Segment Start: TASK INPUT

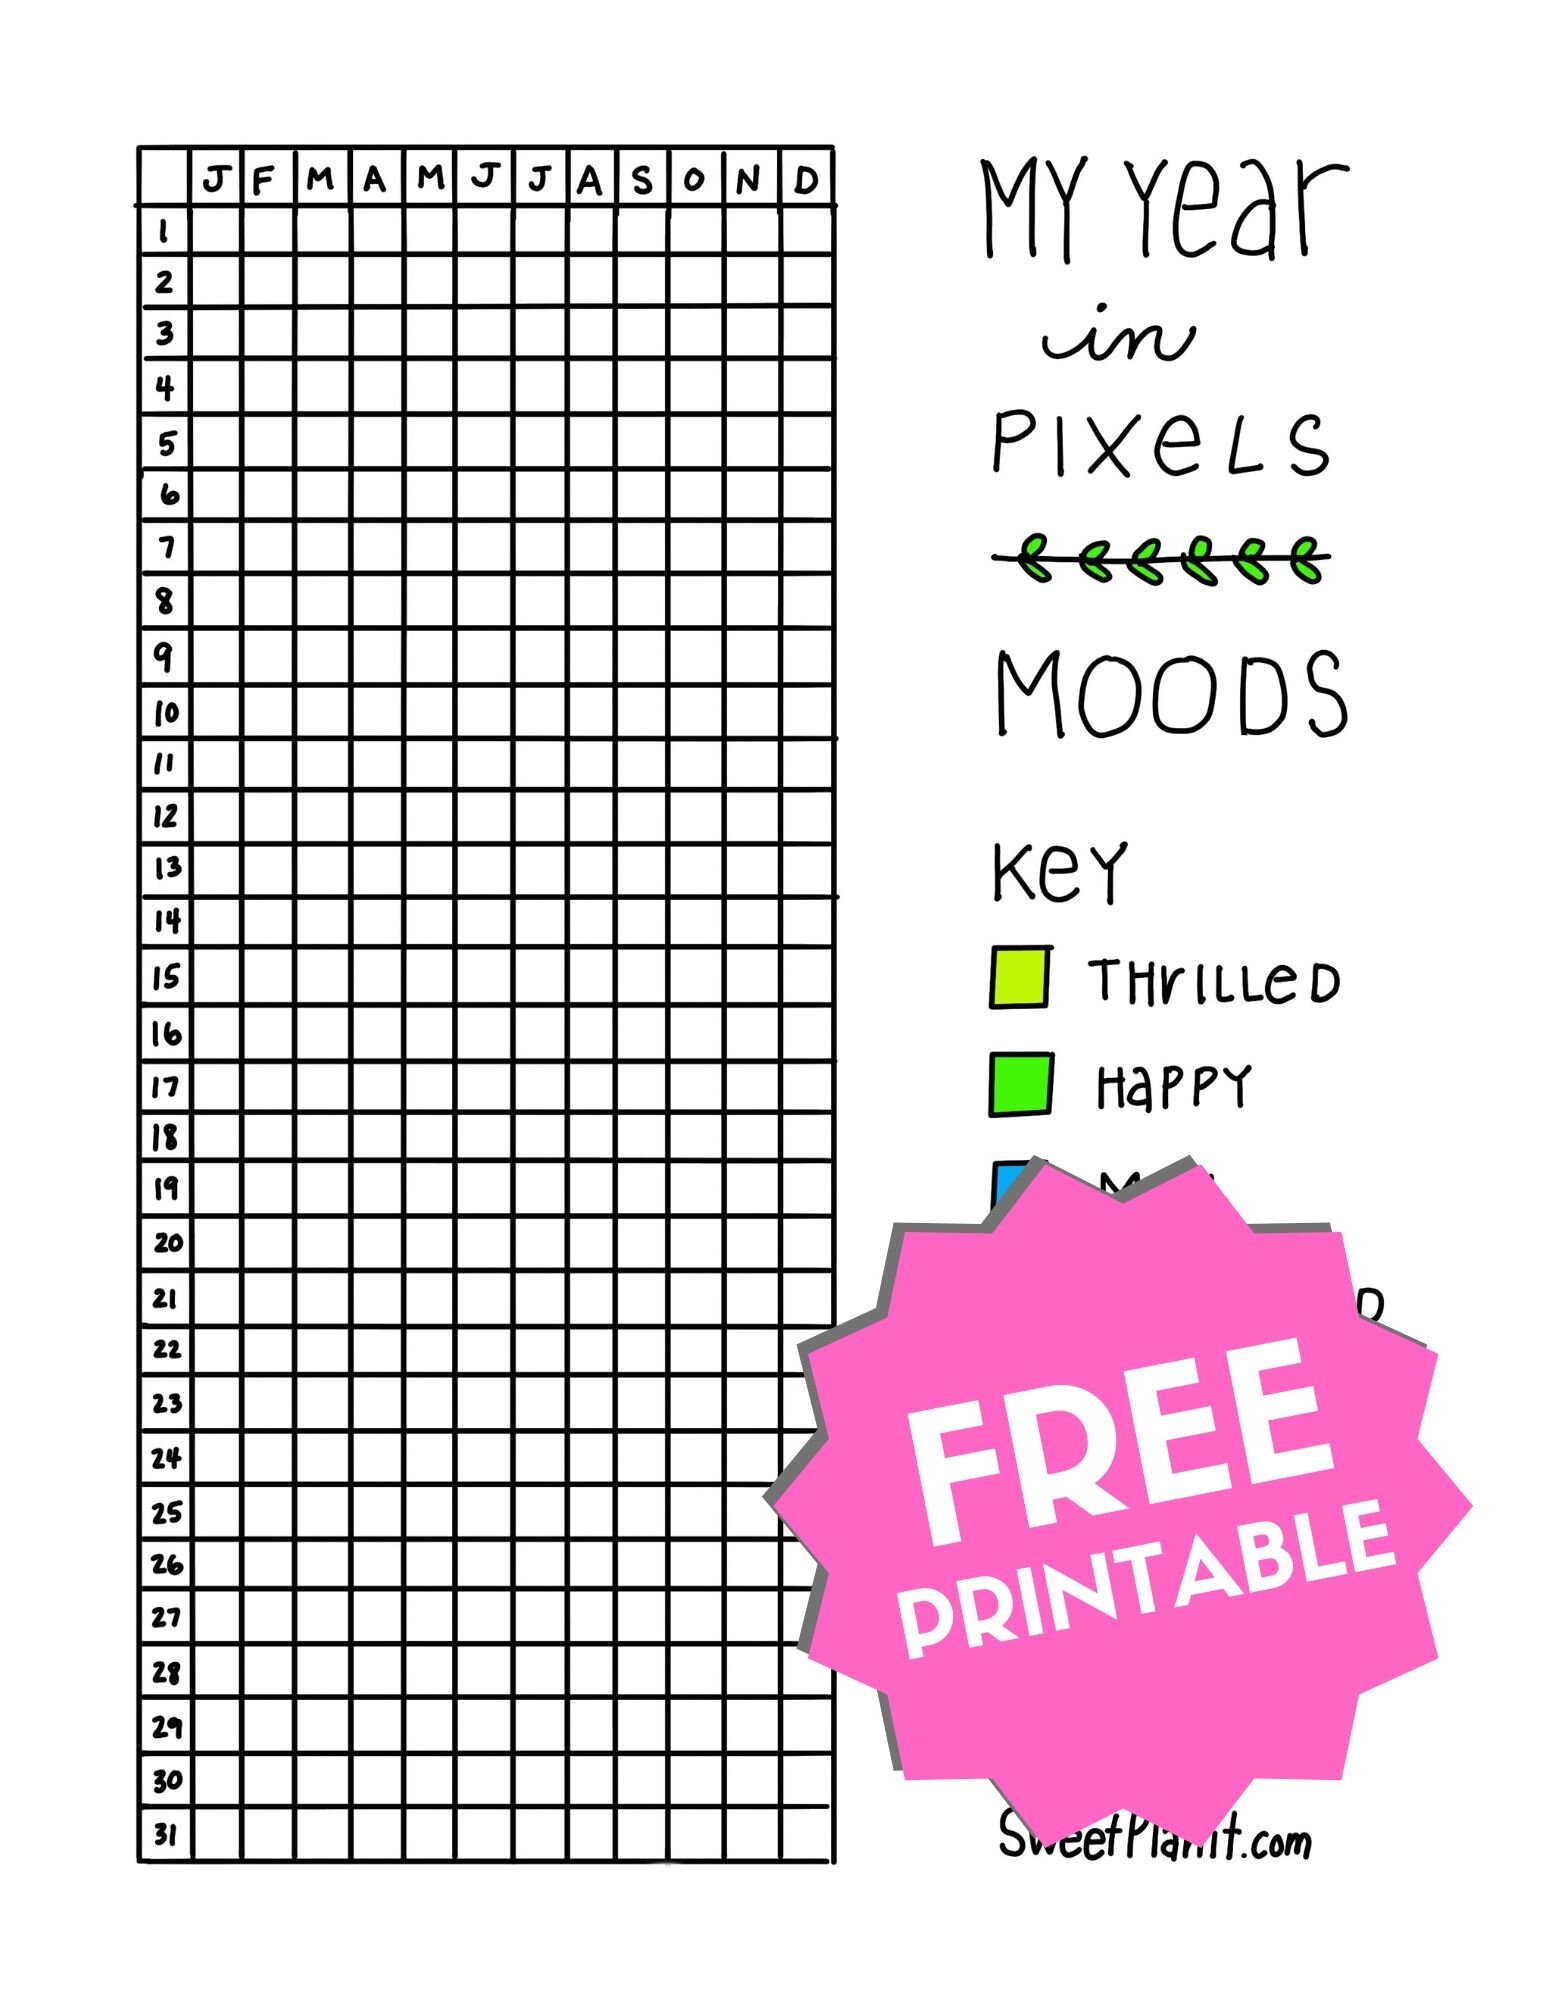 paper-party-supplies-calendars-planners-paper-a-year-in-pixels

Segment End: TASK INPUT
Segment Start: TASK INPUT

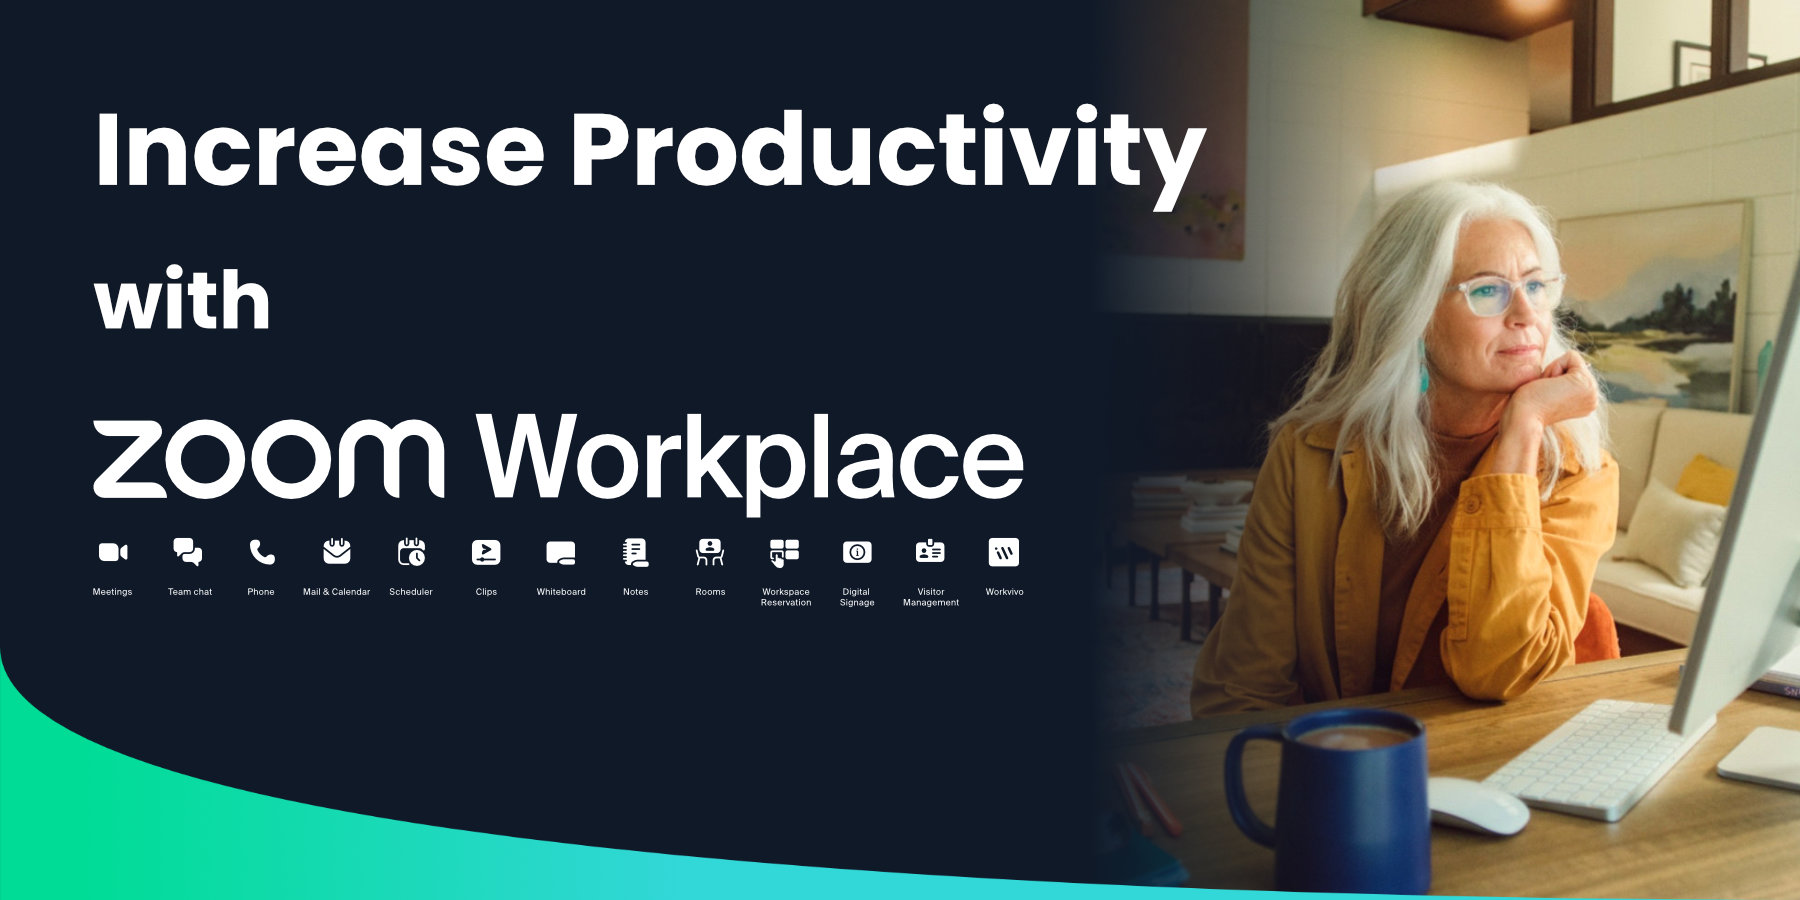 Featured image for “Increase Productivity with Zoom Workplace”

Segment End: TASK INPUT
Segment Start: TASK INPUT

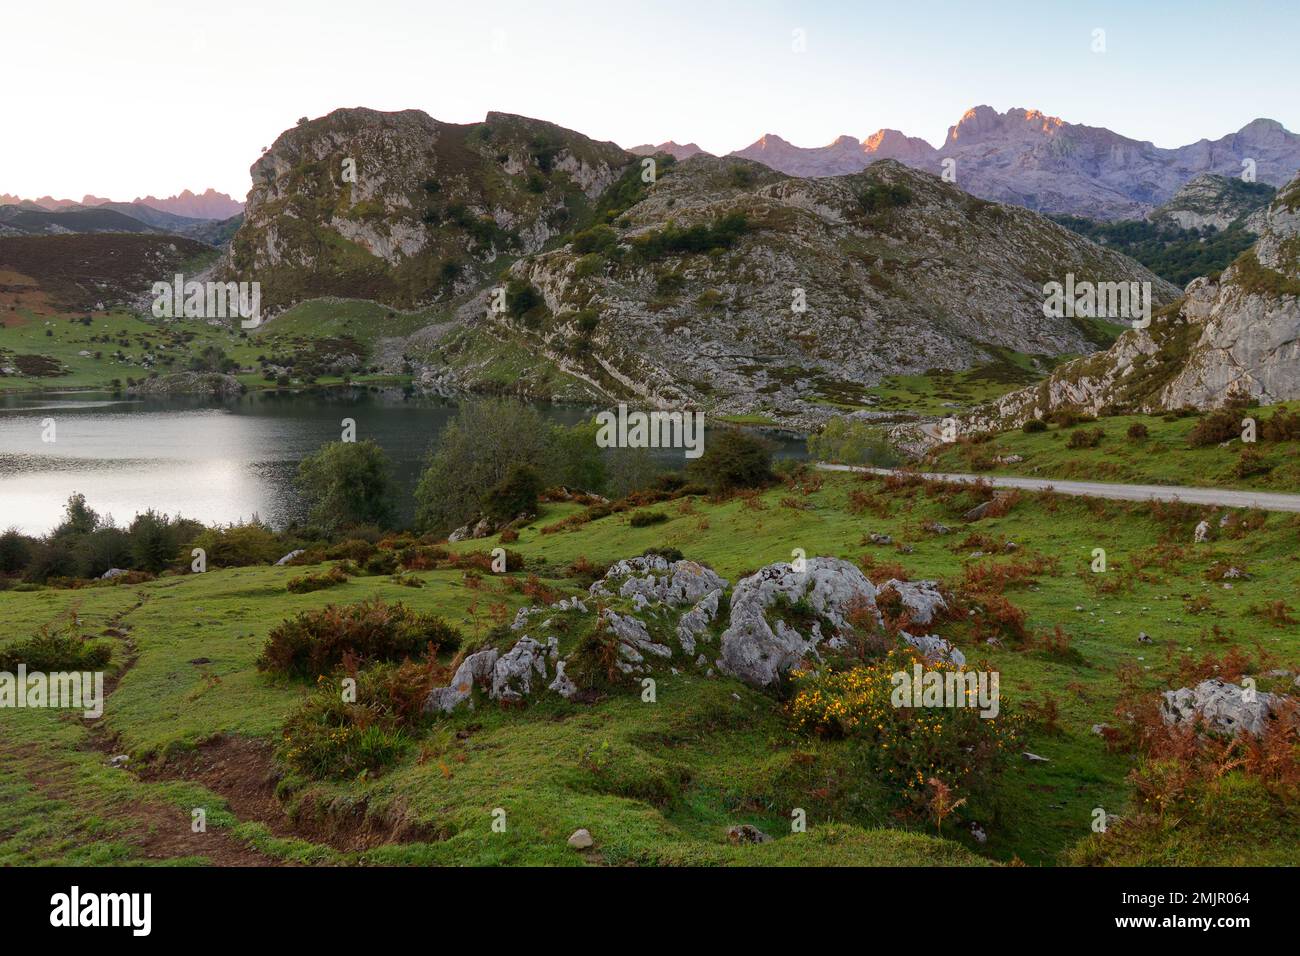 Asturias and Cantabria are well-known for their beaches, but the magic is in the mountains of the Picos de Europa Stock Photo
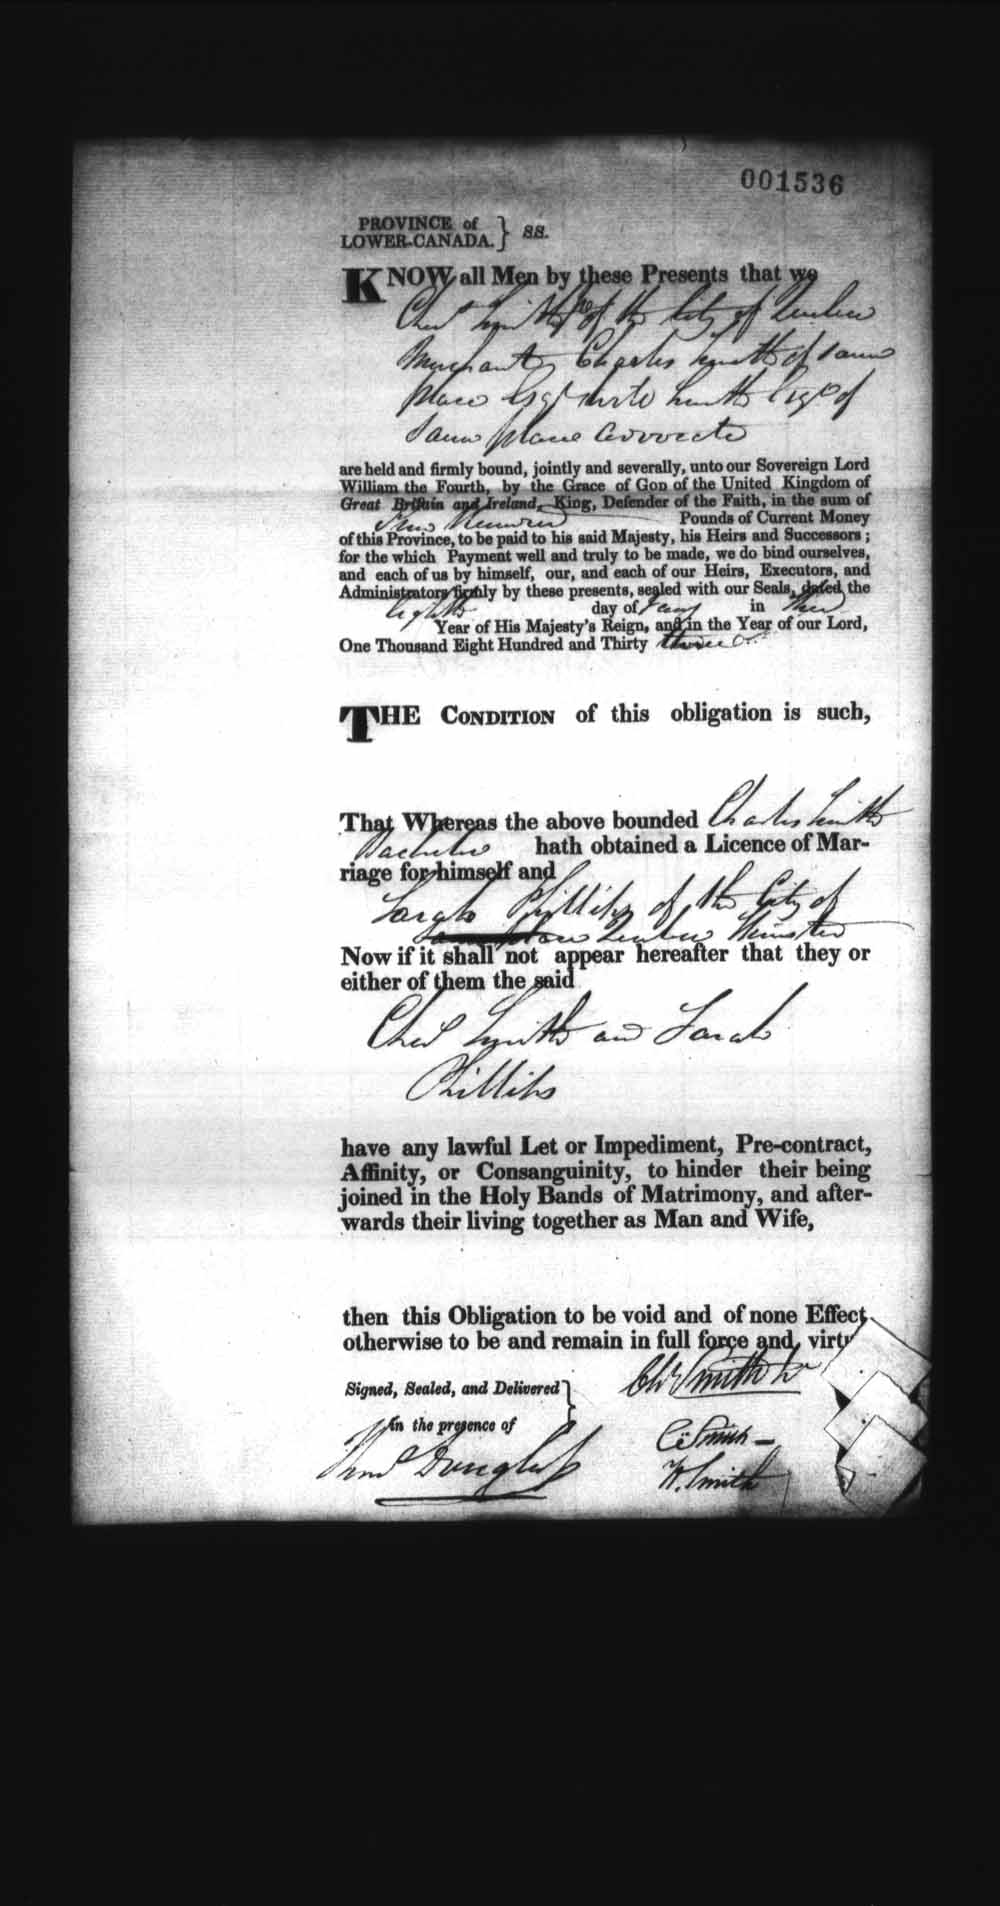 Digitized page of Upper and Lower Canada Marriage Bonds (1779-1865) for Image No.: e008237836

Segment End: TASK INPUT

▸ **REQUIRED WORK**: Only the lines starting at the one that includes "Asturias and Cantabria" and ending at the one that includes "Digitized page of" should be retyped, exactly, from the records above; no pictures.

▸ **TASK OUTPUT**:
 Asturias and Cantabria are well-known for their beaches, but the magic is in the mountains of the Picos de Europa Stock Photo
 Digitized page of Upper and Lower Canada Marriage Bonds (1779-1865) for Image No.: e008237836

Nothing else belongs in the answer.